Hodgkin’s Lymphoma (HL) is a cancer of the lymphatic system, a network of tissues and organs that help the body fight infection. The disease originates in B lymphocytes, a type of white blood cell, leading to the uncontrolled growth of abnormal cells usually within the lymph nodes. HL development is not fully understood, but it results from a complex interaction between genetic predisposition, immune system function, and environmental factors. Therefore, determining if HL is hereditary requires a nuanced answer.
Family History and Clustering
HL is generally not inherited in a simple Mendelian fashion, meaning it is not dictated by a single gene. However, the risk increases significantly if there is a family history, a pattern known as familial clustering. This clustering suggests a shared genetic susceptibility or exposure to common environmental factors.
The risk is highest among first-degree relatives (parents, siblings, or children). First-degree relatives face approximately a three-fold increase in their lifetime risk of developing HL compared to the general population. For siblings, this risk is particularly elevated, showing about a six-fold increase.
The strongest evidence for a genetic component comes from twin studies, which show a very high concordance rate for identical twins. The lifetime risk for an identical twin of an affected individual can be up to 57-fold higher than the general population. The absolute risk for any one family member remains low, as HL is a relatively uncommon cancer.
Genetic Susceptibility Factors
The biological basis for familial clustering lies in specific genetic variations that influence immune system function. The most well-established genetic link to HL risk is the Human Leukocyte Antigen (HLA) region on chromosome 6. This region contains genes that regulate the immune response by helping T-cells recognize foreign invaders.
Variations in certain HLA alleles can increase or decrease an individual’s risk of developing HL. Specific HLA class II alleles have been linked to increased risk, while others offer a protective effect. This suggests that inherited genetic variants predispose a person by making their immune system less effective at clearing precursor cells that could develop into lymphoma.

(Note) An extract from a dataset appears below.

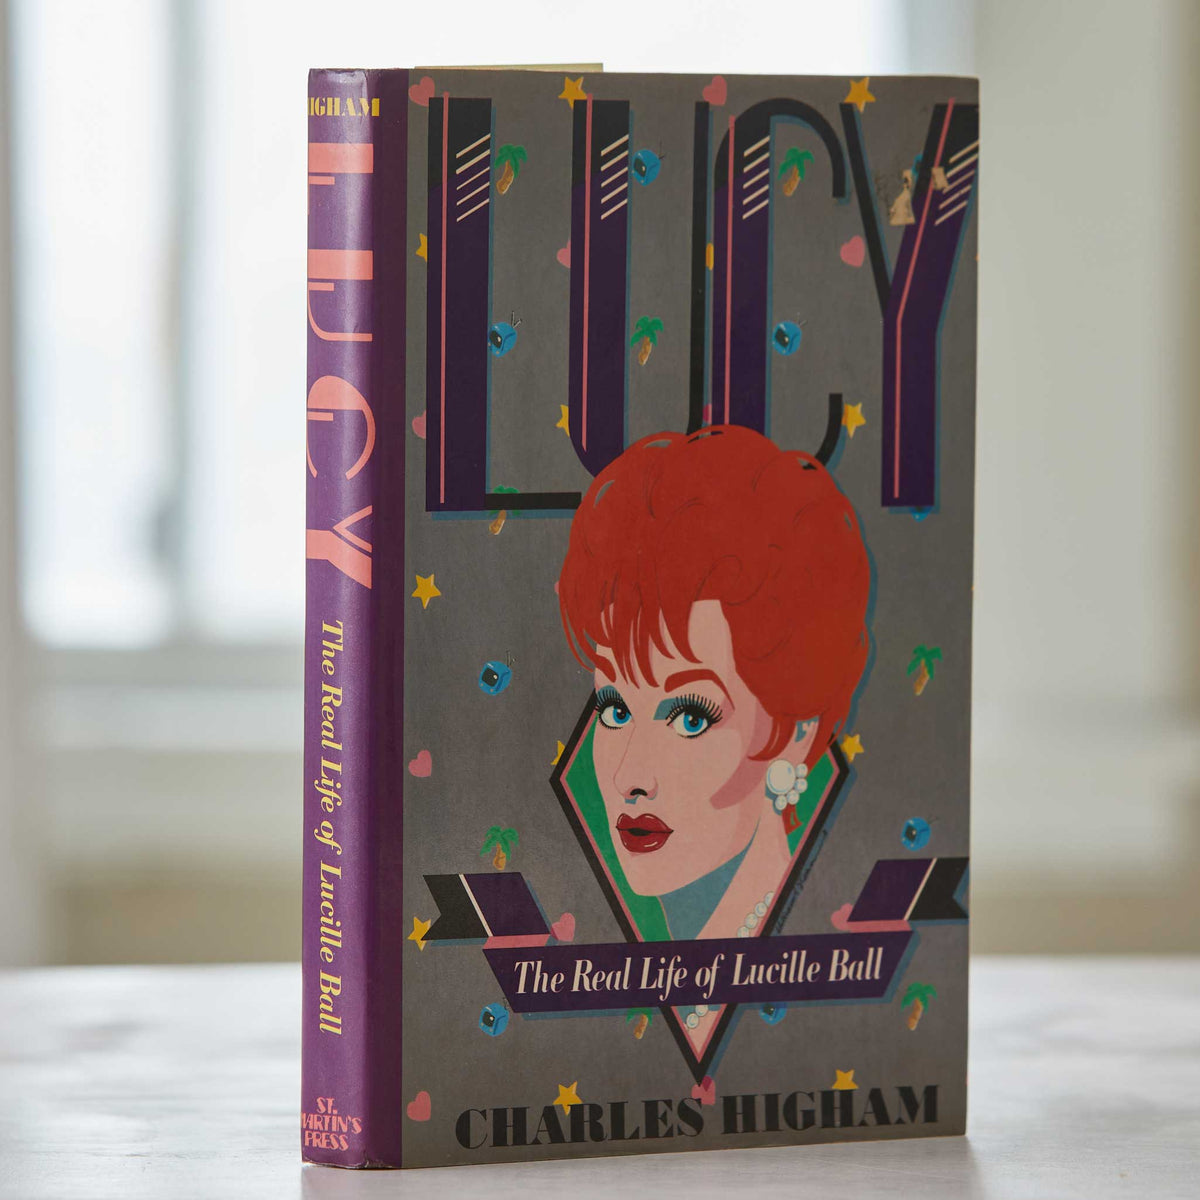 LUCY, THE REAL LIFE OF LUCILLE BALL

Genome-wide association studies have identified several other low-penetrance susceptibility loci outside of the HLA region. These include genetic variants near genes like REL, PVT1, and GATA3, which are involved in cell survival and immune cell development. These individual variants carry a small risk, but their co-inheritance collectively contributes to the overall inherited susceptibility to HL.
Environmental and Immune System Triggers
Genetic predisposition alone is generally not enough to cause HL; external factors must interact with the inherited risk. One strongly implicated environmental trigger is the Epstein-Barr Virus (EBV), a common virus that causes infectious mononucleosis. A prior EBV infection, particularly during adolescence or young adulthood, is linked to an increased risk of later developing HL.
EBV is found in the tumor cells of approximately 30% to 40% of classical HL cases. The virus transforms healthy B lymphocytes by expressing proteins that help the infected cells survive and proliferate. EBV-positive HL cases often show a different clinical and pathological profile than EBV-negative cases.
A compromised immune system from other causes also increases the likelihood of developing HL. Conditions that suppress the immune system, such as Human Immunodeficiency Virus (HIV) infection or the use of immunosuppressive drugs after an organ transplant, are associated with a higher incidence. This highlights how the body’s inability to eliminate abnormal B-cells is a fundamental step in the disease process.
Managing Risk for Family Members
For individuals with a family history of HL, proactive awareness is the most practical form of risk management. While no standard genetic screening test is available, maintaining overall health supports immune function, including avoiding tobacco use and maintaining a healthy body weight.
The most actionable step is awareness of the common, non-specific symptoms of HL. These symptoms include persistent, painless swelling of lymph nodes in the neck, armpit, or groin, unexplained fever, drenching night sweats, or significant weight loss. Prompt medical evaluation for concerning symptoms ensures early diagnosis, which significantly improves prognosis.
Family members concerned about inherited risk can seek advice from a genetic counselor or cancer specialist. These professionals review the family’s history and provide a personalized assessment of the absolute risk. Genetic testing is primarily used in research settings and does not currently dictate a specific clinical surveillance protocol for healthy relatives.